Identifying Abnormal Ostial Morphology in Anomalous Aortic Origin of a Coronary Artery.

Ann Thorac Surg

Department of Pediatrics, Division of Cardiology, The Children's Hospital of Philadelphia, Perelman School of Medicine, University of Pennsylvania School of Medicine, Philadelphia, Pennsylvania; Department of Radiology, The Children's Hospital of Philadelphia, Perelman School of Medicine, University of Pennsylvania School of Medicine, Philadelphia, Pennsylvania.

Published: July 2015

Background: Anomalous origin of a coronary artery from the contralateral sinus of Valsalva is associated with exercise-induced ischemia and sudden death. That is thought to be due to aortic enlargement in patients with an elliptical ostium. We hypothesize that virtual angioscopy can identify abnormal coronary ostial morphology in these patients.
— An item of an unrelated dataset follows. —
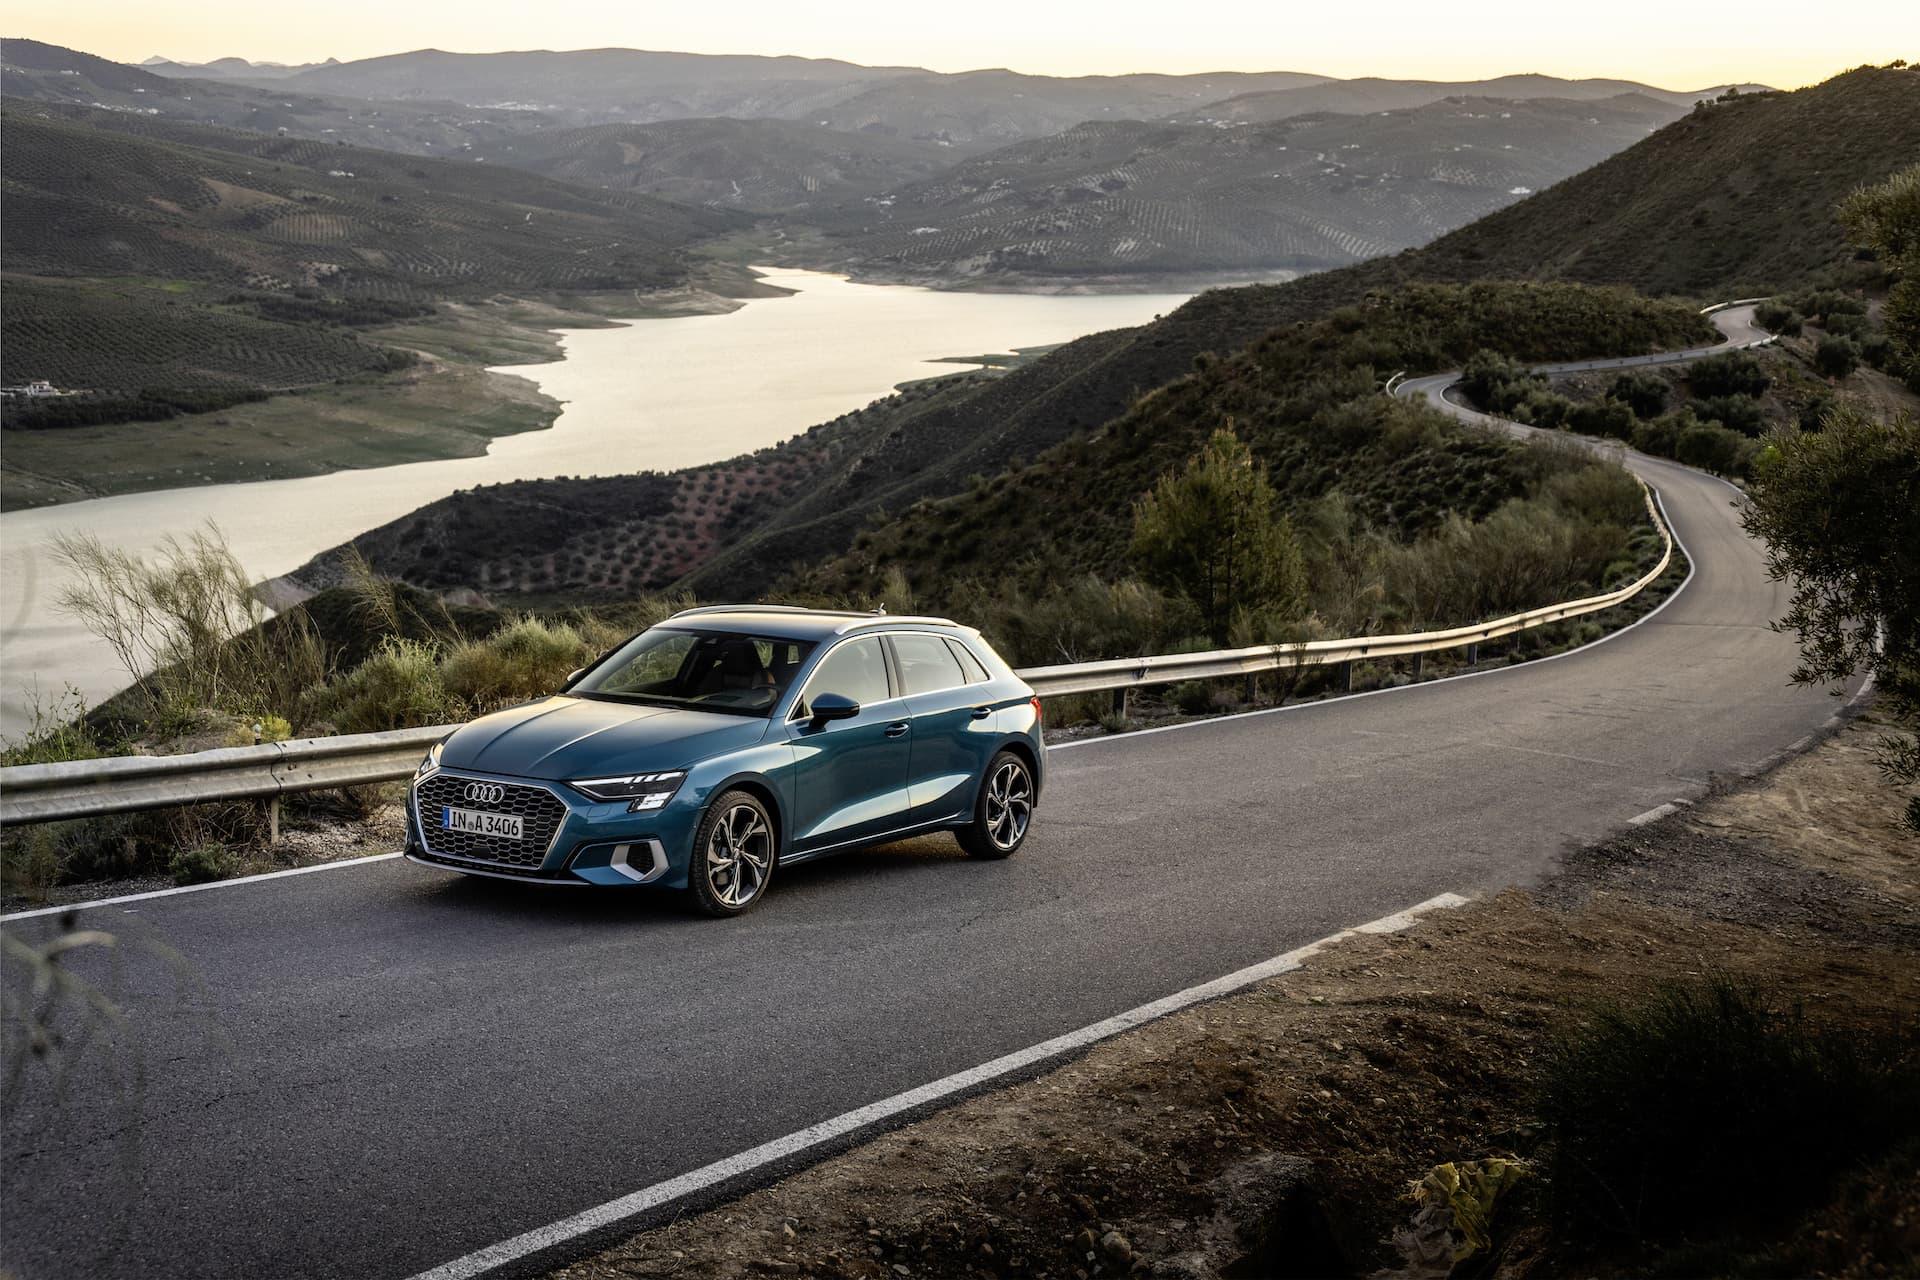 Audi A3 Sportback 2020 Azul Turbo Exterior 5

Methods: We retrospectively analyzed 55 consecutive pediatric coronary artery magnetic resonance imaging studies from January 2006 to January 2010 with the diagnosis of anomalous right (n = 20), or left (n = 7) coronary artery, or normal coronary origins (n = 28). One postmortem heart specimen with anomalous left coronary artery was imaged and analyzed to validate our technique. Virtual angioscopy analysis was used for visualization and measurement of the coronary ostia.
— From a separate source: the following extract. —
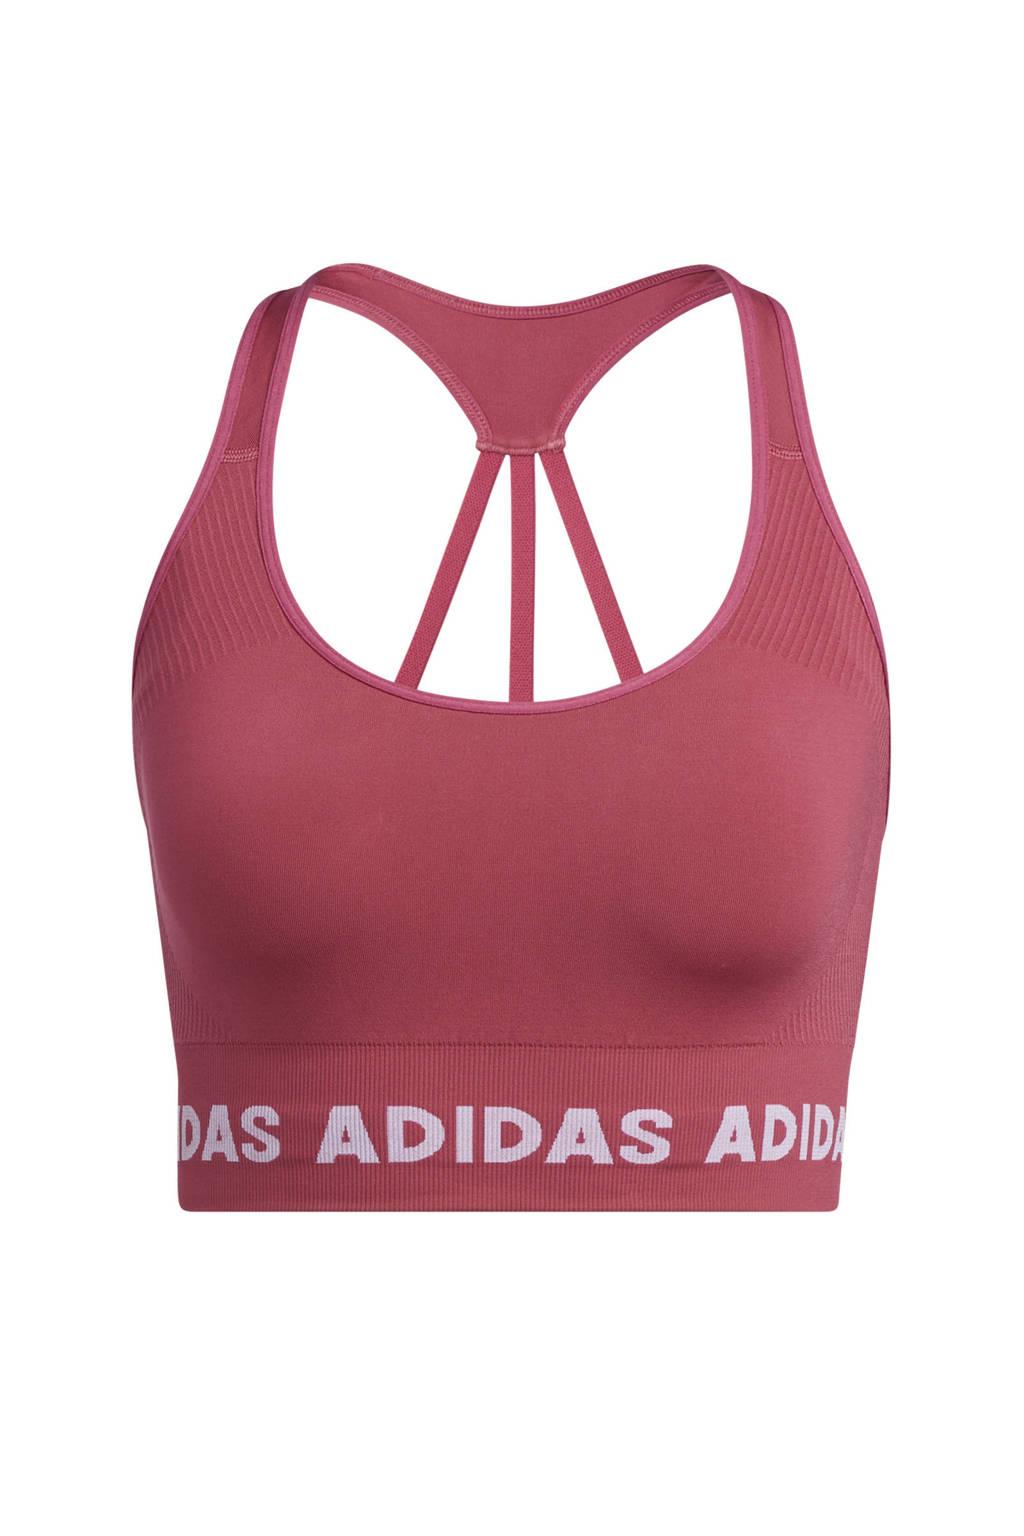 adidas Performance level 2 Aeroknit sportBH roze, Roze

Results: Distinct aortic origins of the right and left coronaries were seen in all 55 studies. An elliptical orifice with a longer superior-inferior dimension was seen in all anomalous ostia, in contrast to a circular ostium in all normal origins. That was quantified in anomalous ostia with a long-axis to short-axis ratio of 2.5 ± 0.5 (right) and 2.4 ± 0.5 (left) compared with 1.1 ± 0.2 (right) and 1.0 ± 0.3 (left) in controls (p < 0.001 for right and left ostia comparisons). Ostial morphology was confirmed in all 9 patients who underwent operative repair and in 1 patient at autopsy.

Conclusions: Virtual angioscopy identifies abnormal ostial morphology in anomalous coronary artery patients, which is important for characterizing the diagnosis of patients who may be at risk for sudden death.